Переупражнение всех упражнений
Подобно тому, как неожиданное самоубийство знакомого ставит под вопрос всех его окружающих, уход человека в философию или его вступление в этическую группу проблематизирует modus vivendi всех тех, с кем он до этого жил под одной крышей, был связан теми же обычаями, пропитан общими привычками, втянут в одни и те же истории. Любой переход подразумевает речевой акт: «Настоящим я покидаю совместную реальность» или, как минимум, декларацию о намерениях: «Я хочу покинуть континуум дурного и неверного”. Для этого адепту не нужно садиться на корабль, который доставил бы его на остров Утопию. Часто места назначения находятся всего в нескольких часах ходьбы от тупиковых деревень или в одном дне пешего хода от взбудораженного города. Тот, кто уходит в эти гетеротопии, оказавшись там, знает, что предстоящее ему внутреннее путешествие будет гораздо более дальним, чем внешнее.
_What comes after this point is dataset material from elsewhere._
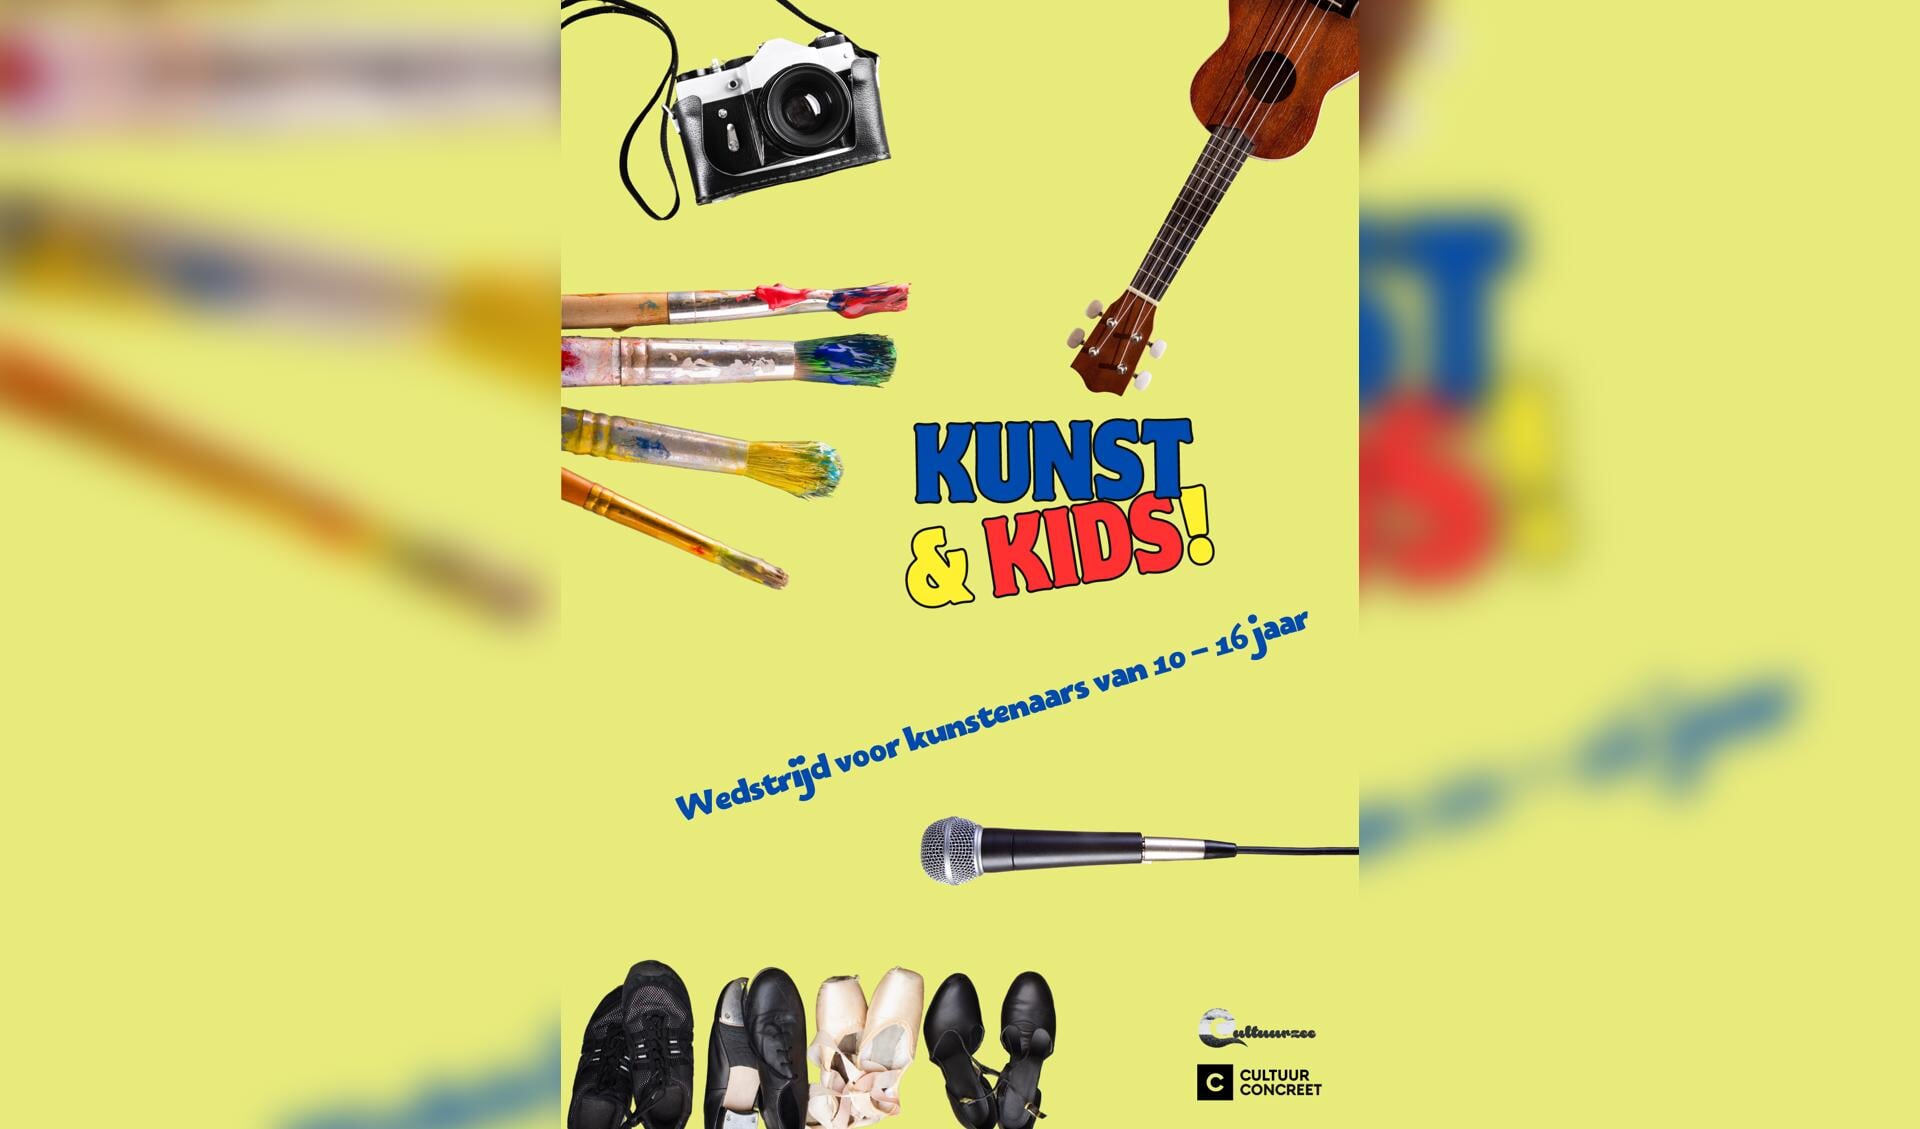 Kunst & Kids: Kunstwedstrijd voor de jeugd.
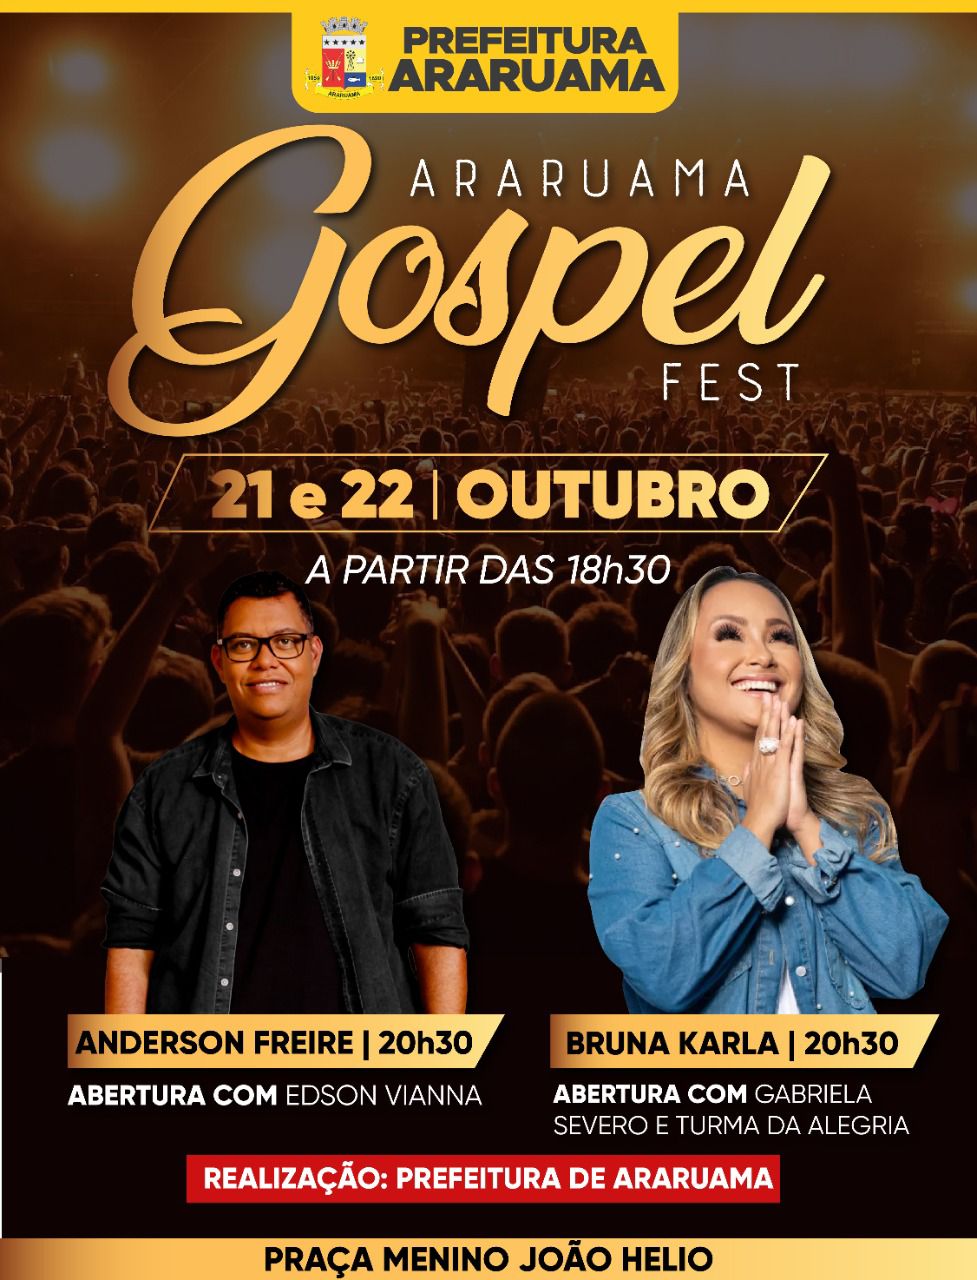 Prefeitura vai realizar o “Araruama Gospel Fest” na Praça Menino João Hélio

Когда претендента принимают в сообщество упражняющихся, его дальнейшая жизнь состоит в систематической переоценке ценностей. У киников эта процедура называлась «перечеканкой монеты», paracharáttein to nómisma, что также означает «изменять нравы». Метафора фальшивомонетчиков предоставляет ключевое слово для истории высшей морали. Этические монетные дворы – это тренировочные лагеря для преобразования этоса. Для киников IV века до н. э. это означало отказ от любого поведения, основанного на произвольных человеческих правилах, чтобы в дальнейшем прислушиваться исключительно к physis, природе. Эти бесцеремонные диссиденты были, пожалуй, единственными мудрецами, которые считали возможным предаваться этому в самом центре города – была бы только свободная бочка. Остальным адептам этического различения было ясно, что будет лучше распрощаться со своим привычным местом пребывания. Поскольку этос и топос существуют только вместе, новая этика требует и нового убежища – вернуться к истокам имеет право только тот, кто настолько глубоко укоренился в новом месте и в другом габитусе, что для него нет риска рецидива старого. А пока хорошо обитать в защищенном пространстве, где то, что многие считают правильным – ton pollon doxa – расшибается о лучшее знание немногих. Ранние греки-христиане называли уединенный учебный центр в согласии с тем, что в нем практиковалось: asketería, иногда также hesychastería, место для упражнений в молчании. Индийское слово ашрам, активно используемое и сегодня, обозначает «место усердия». С другой стороны, санньясин, индийское обозначение отшельника, буквально означает: тот, кто отказался от всего – в том числе и от привязанности к мирскому жилищу. Об индийском мудреце Тота Пури, ок. 1815 - ок. 1875, учителе Рамакришны, по прозванию „Нагой“ (nangka), еще рассказывали, что он всю жизнь не носил одежды, никогда не спал под крышей и не оставался в одном месте дольше трех дней. Для Ницше, всего на одно поколение моложе уклончивого индийца, таким другим местом была Зильс-Мария, у подножия гор, отражающихся в суровой глади озера Сильваплана, «шесть тысяч футов по ту сторону от человека и времени».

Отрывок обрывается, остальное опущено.